Quoting Bill Broadley (bill at broadley.org):

> Ha, looking at your link and found:
> Because the download integrity for all of these packages is abysmal ....

Yes, I was intending to point out that bit to you in particular, but
couldn't find it on the November 16th blog post -- but I see it's on the
April 2nd original blog post of which the November one is a refresh.
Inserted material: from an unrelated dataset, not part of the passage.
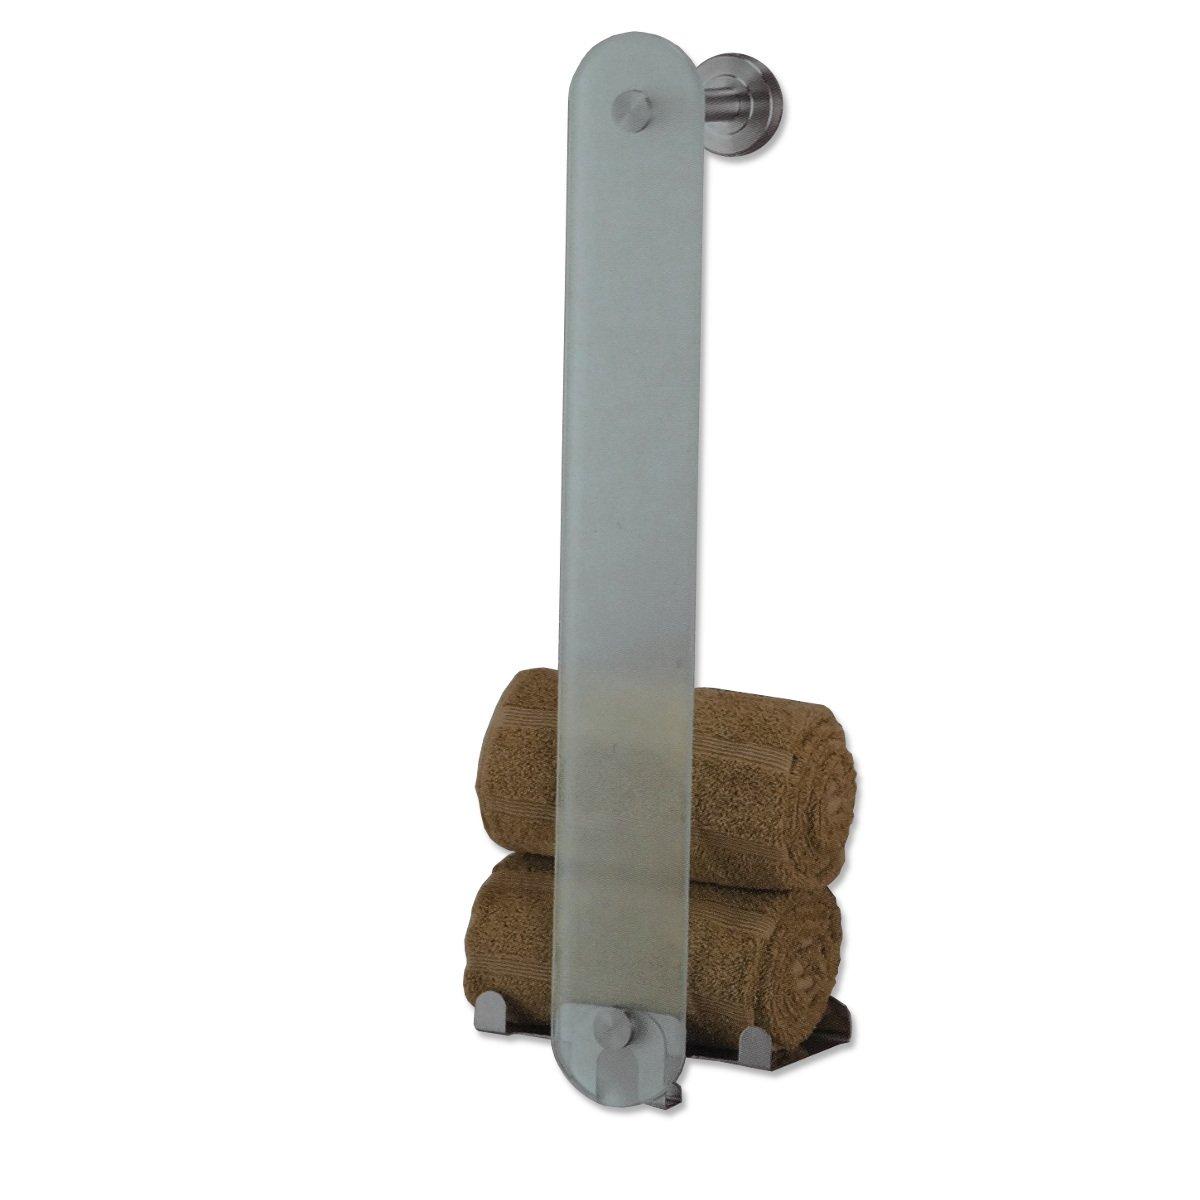 handtuchhalter aus glas und edelstahl handtuchhalter handtuchstange wandhalter amazonde kche haushalt - Handtuchhalter Dusche Glas
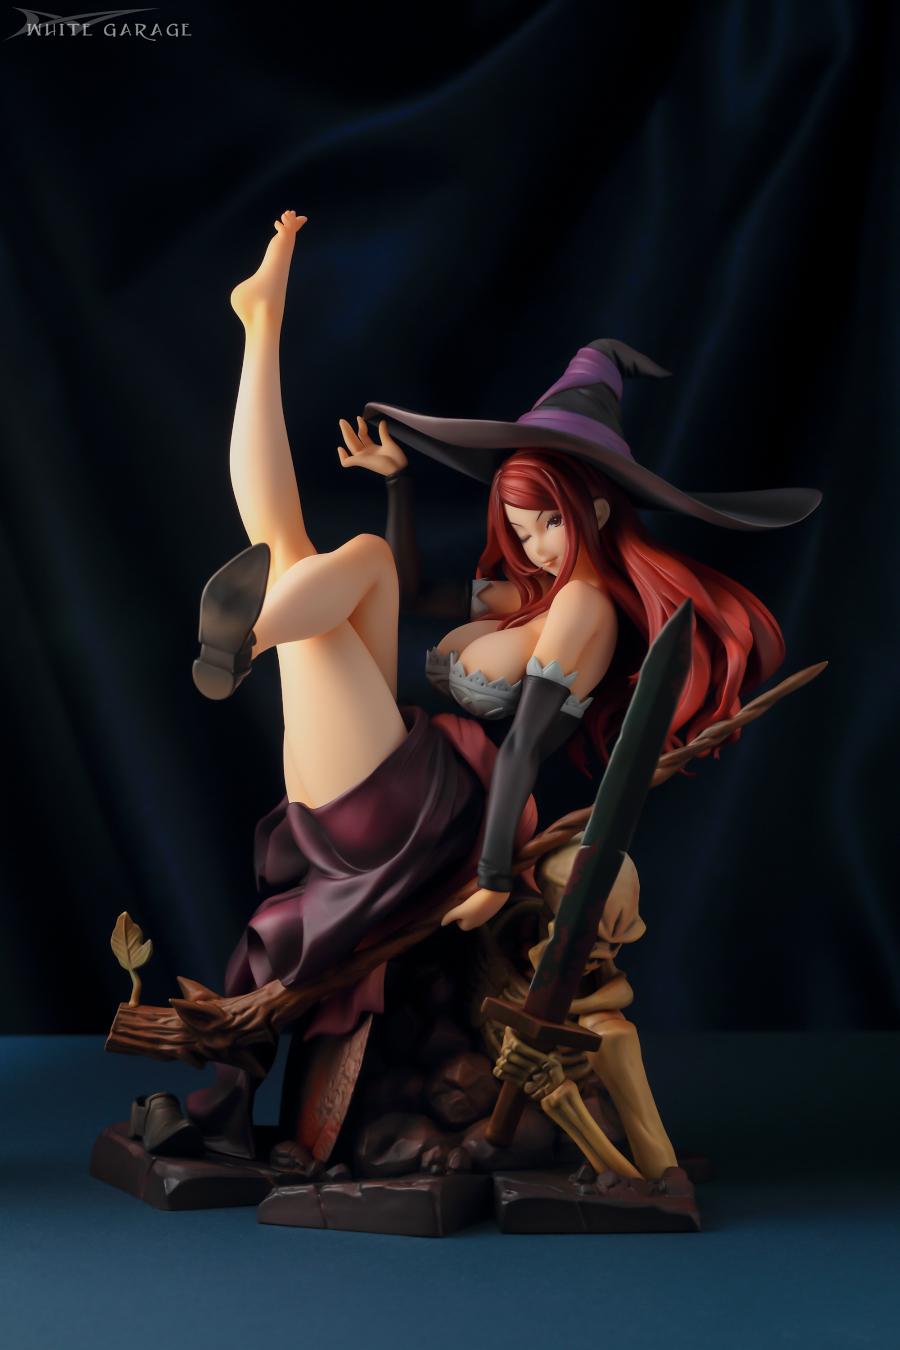 sorceress014

I notice the refresh article is using keytool instead of sha256sum to
verify the Signal app key's fingerprint, FWIW, not that that does
anything for the basic, larger problem.

> Would be nice to have copperhead OS, then something automated like:
> * launch container/sandbox without rw to /system
> * use google play to download APKs and verify signatures.
> * save downloaded APK to /tmp
> * shutdown container
> * have copperhead install and verify the APKs (after checking they won't
> overwrite copperhead APKs)
> 
> That way no google play services, and no way for google to change any copperhead
> files.

Yes, concur.  For _me_, I don't compelling need for anything from Google
Play, but I realise I'm a mutant.

> For most installing signal via:
> Download the apk.
> Unzip the apk with unzip org.thoughtcrime.securesms.apk
> Verify that the signing key is the official key with keytool -printcert -file
> META-INF/CERT.RSA
> You should see a line with SHA256:
> 29:F3:4E:5F:27:F2:11:B4:24:BC:5B:F9:D6:71:62:C0
> EA:FB:A2:DA:35:AF:35:C1:64:16:FC:44:62:76:BA:26
> Make sure that fingerprint matches (the space was added for formatting).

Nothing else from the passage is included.